No, these species are wild beings and thrive best in their natural environment. This cottontail rabbit is constituted primarily in one region hence it's difficult to spot them.

Did you know...

Global Wildlife Conservation, a venture started by Leonardo DiCaprio, is an initiative aimed at increasing the diversity and conservation of animals.

University of Oklahoma Press is a North American journal that published a paper on cottontail rabbits which is available online and has detailed information about the species. Other popular research papers published in the field are written by authors like Cervantes F., who wrote a paper entitled 'The Omilteme Cottontail Is Not Extinct' and is available online.

The Mexican cottontail is one of the largest members of its genus. The Mexican cottontail is similar in appearance to other cottontail rabbits. Mexican cottontails are listed as of Least Concern by the IUCN Red List. The IUCN red list consists of the conservation status of other species as well which you could access online to find out more.

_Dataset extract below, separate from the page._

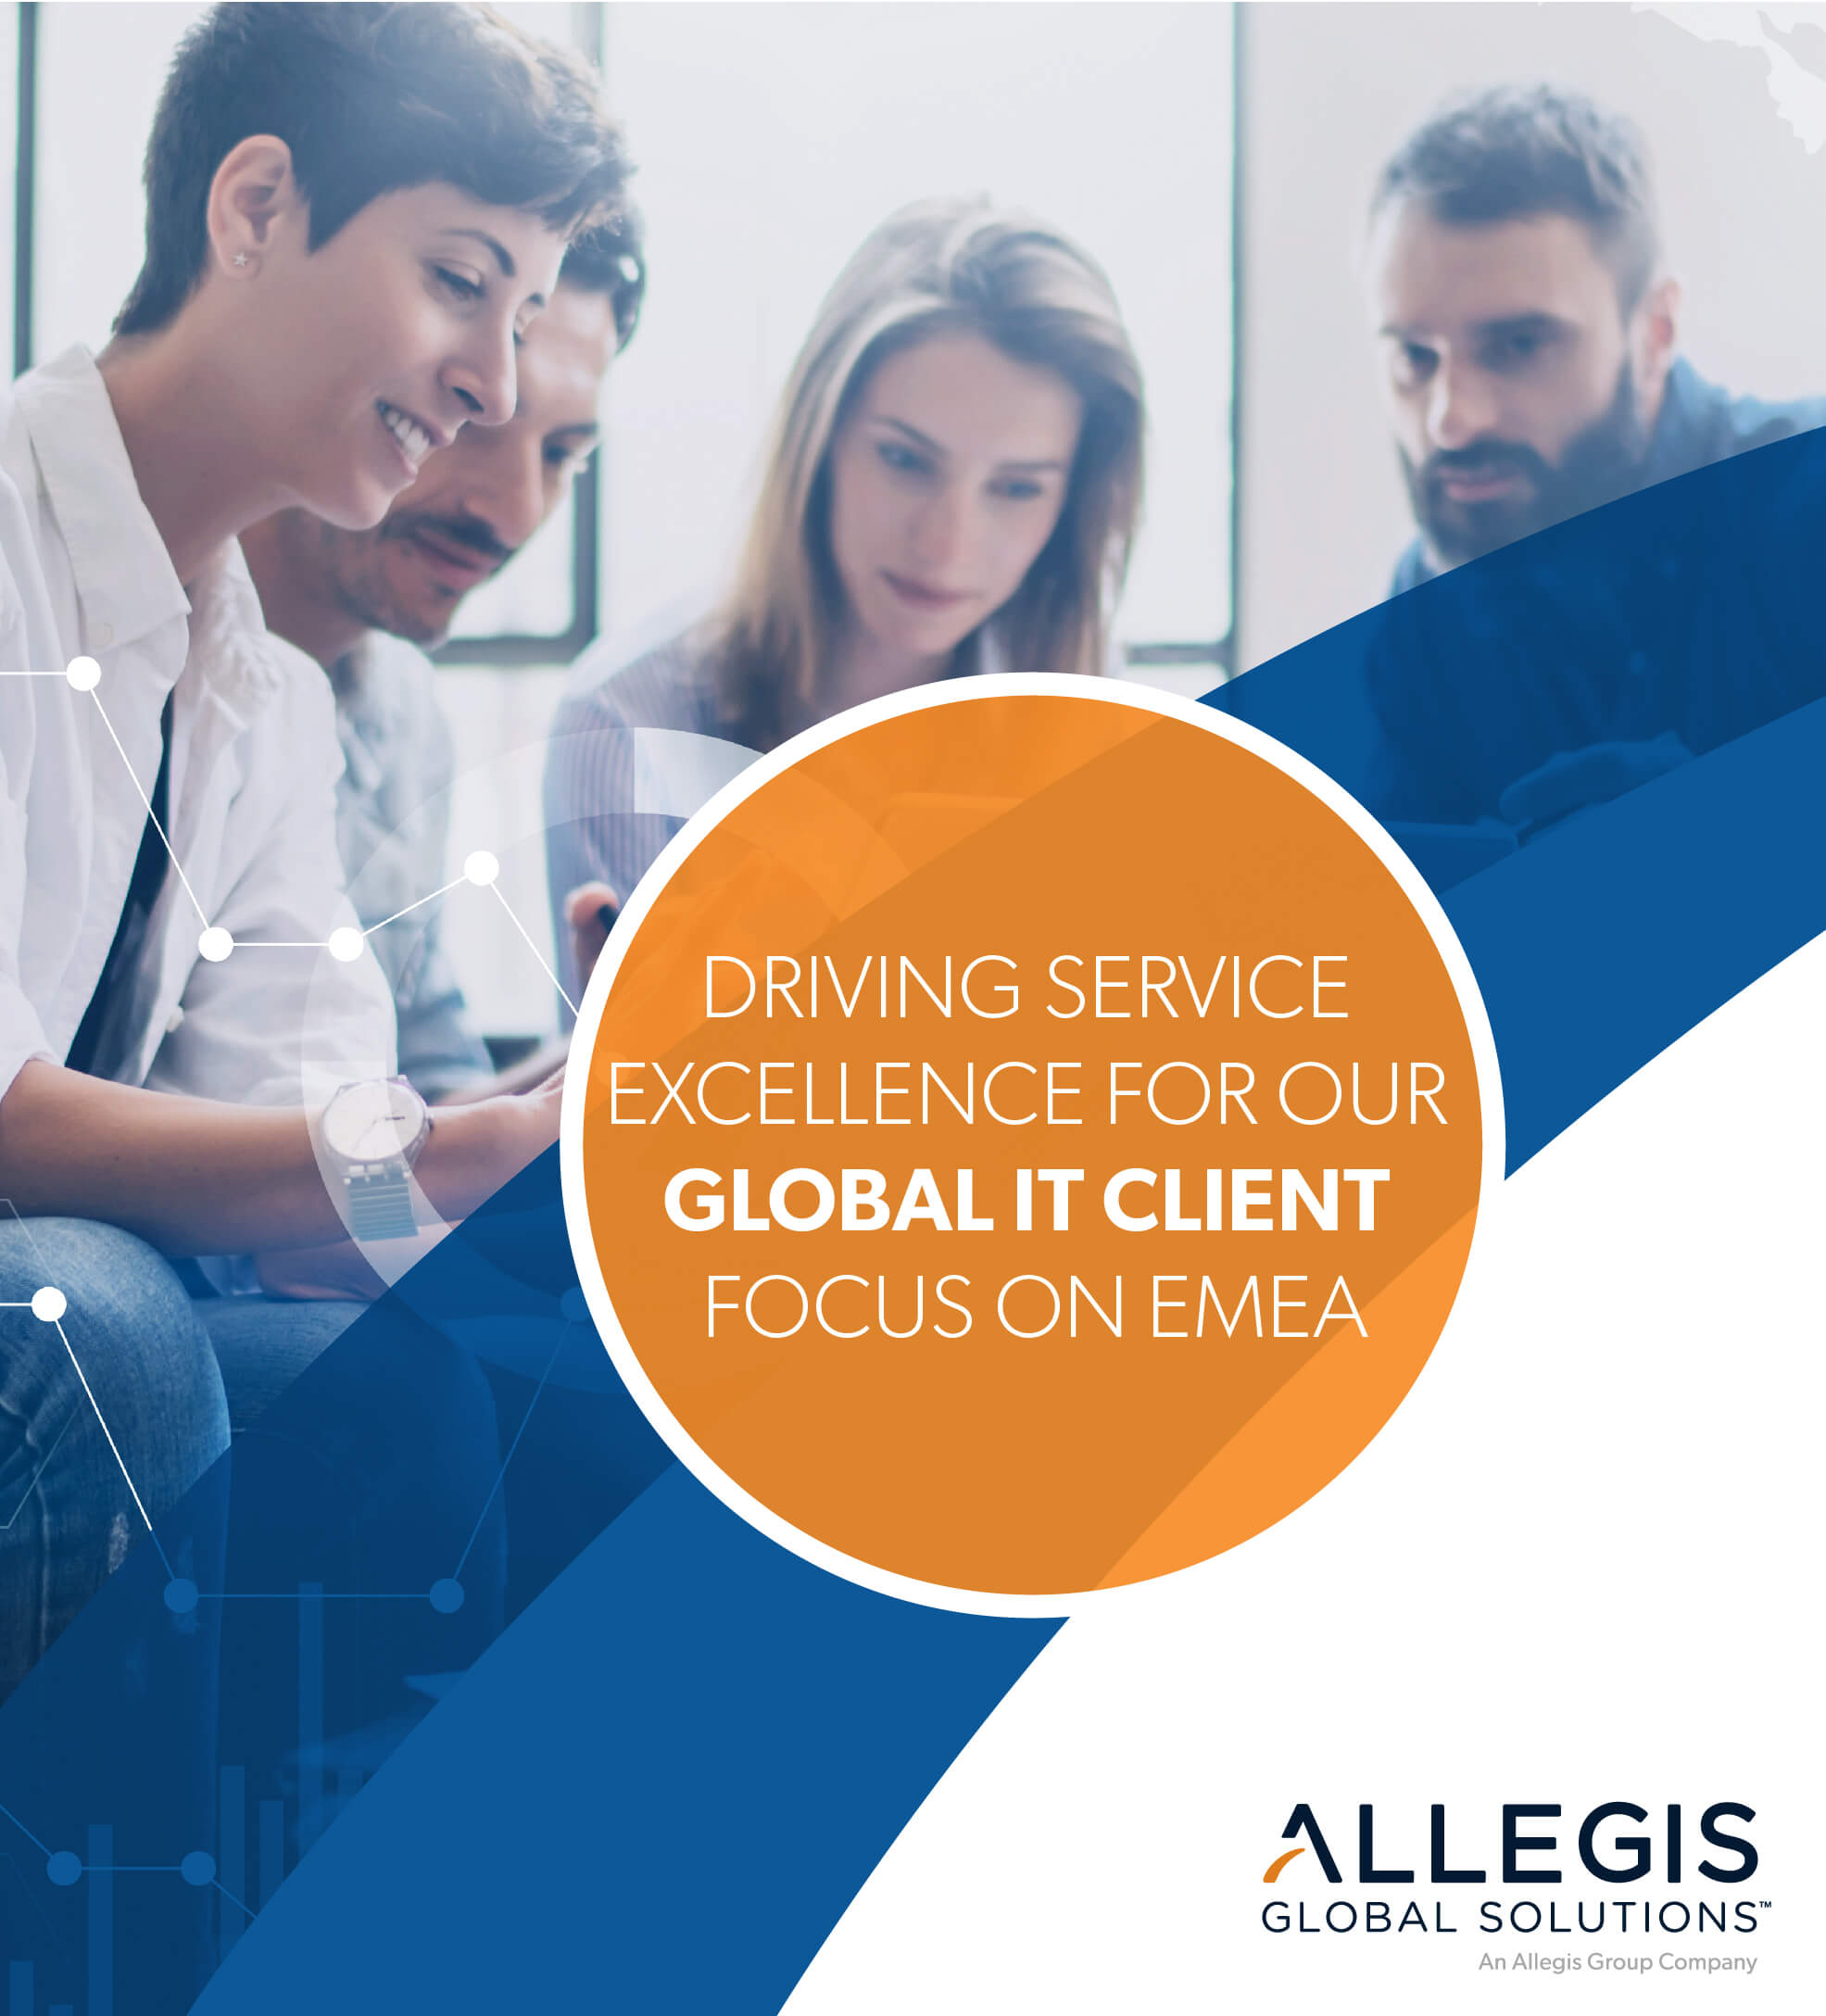 Driving Service Excellence For Our Global It Client Focus On Emea

Do cottontail rabbits mate for life?

No, they don't mate for life. They are not monogamous and may mate with multiple mates throughout their lifetime. The cottontail rabbit breeds in the months of spring and fall. They mate through the sexual reproduction mating system and give birth to the kittens in burrows.

Are cottontail rabbits social?

They are largely shy beings and seldom seen out in the open. They don't ideally like being in groups and prefer being solitary. Their temperament is social toward other species of their own kind. They become social only when they are raising their young. They are less social but are good communicators. They are constituted in one region which makes them rare to spot. Did you know that cottontail rabbits have 360-degree vision? This is especially helpful to spot possible predators like hawks, eagles, rattlesnakes, and owls.

Here at Kidadl, we have carefully created lots of interesting family-friendly animal facts for everyone to discover! Learn more about some other mammals from our pygmy hedgehog facts and Atlantic right whale facts pages.

You can even occupy yourself at home by coloring in one of our free printable Omilteme cottontail coloring pages.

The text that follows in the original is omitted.